Bank of Baroda’s acquisition of India Debt Resolution Company Ltd and Union Bank of India’s stake in IndiaFirst Life Insurance Company exemplify the bank’s strategic focus on expanding its capabilities and providing comprehensive financial solutions to its customers. Tata Coffee’s growth has been propelled by strategic acquisitions that have expanded its reach and strengthened its market position. One notable acquisition in 2006 was the purchase of the Eight O’clock Coffee Company in the United States from Gryphon Investors. This acquisition assisted Tata Coffee in entering the branded whole bean market, where Eight O’clock Coffee Company held a leadership position in the value gourmet segment. Tata Steel’s acquisitions of Corus Steel, Essar Steel India and NatSteel Asia allowed the company to access new markets, expand its customer base and enhance its product offerings. These non-organic growth strategies have propelled these brands to new heights and solidified their market positions. 
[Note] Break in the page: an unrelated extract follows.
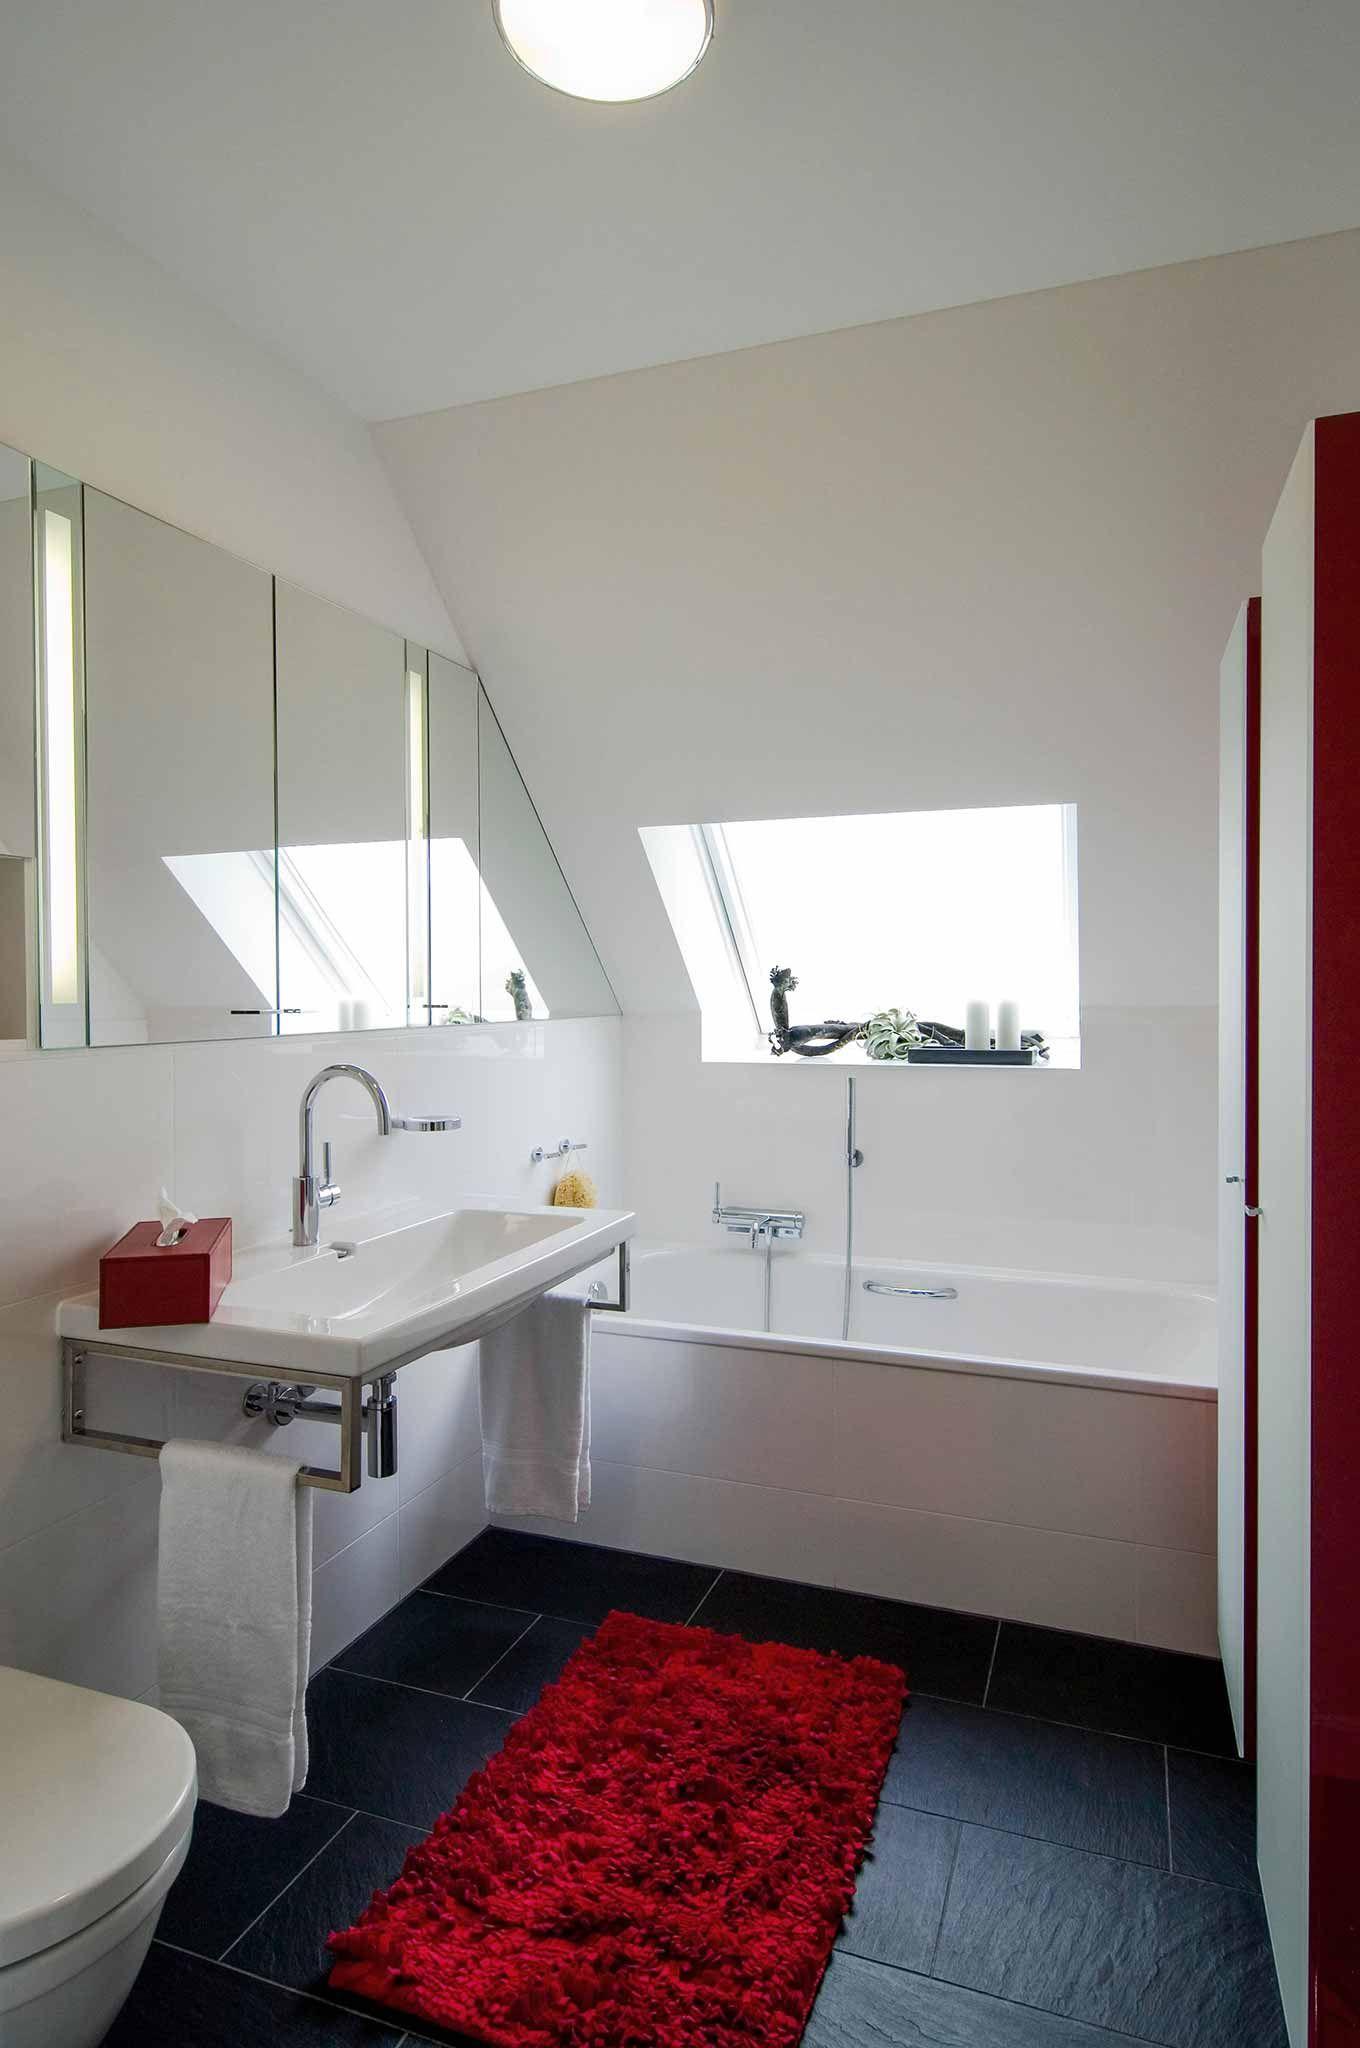 Wie Spiegelschrank Dachschrage Ausnutzt Bad In Munchen Badezimmer Dachschrage Schrank Dachschrage Spiegelschrank

Embracing Innovative Technologies  

The advent of the 21st century ushered in a major transformation of business processes, as organisations increasingly adopted digital technologies to streamline operations and improve efficiency. Bank of Baroda, an established bank serving public sector undertakings (PSUs), recognised the need to evolve in the face of digital disruption. By shifting its focus to becoming a customer-centric, digital-first bank, Bank of Baroda has undergone a remarkable transformation. The bank invested in robust digital infrastructure, introducing innovative digital banking platforms, mobile wallets and contactless payment solutions. Through data analytics and AI-powered solutions, the bank has been able to personalise customer experiences and offer tailored financial solutions. By embracing digital transformation, it has expanded its customer base beyond PSUs, catering to the evolving needs of a wider range of customers.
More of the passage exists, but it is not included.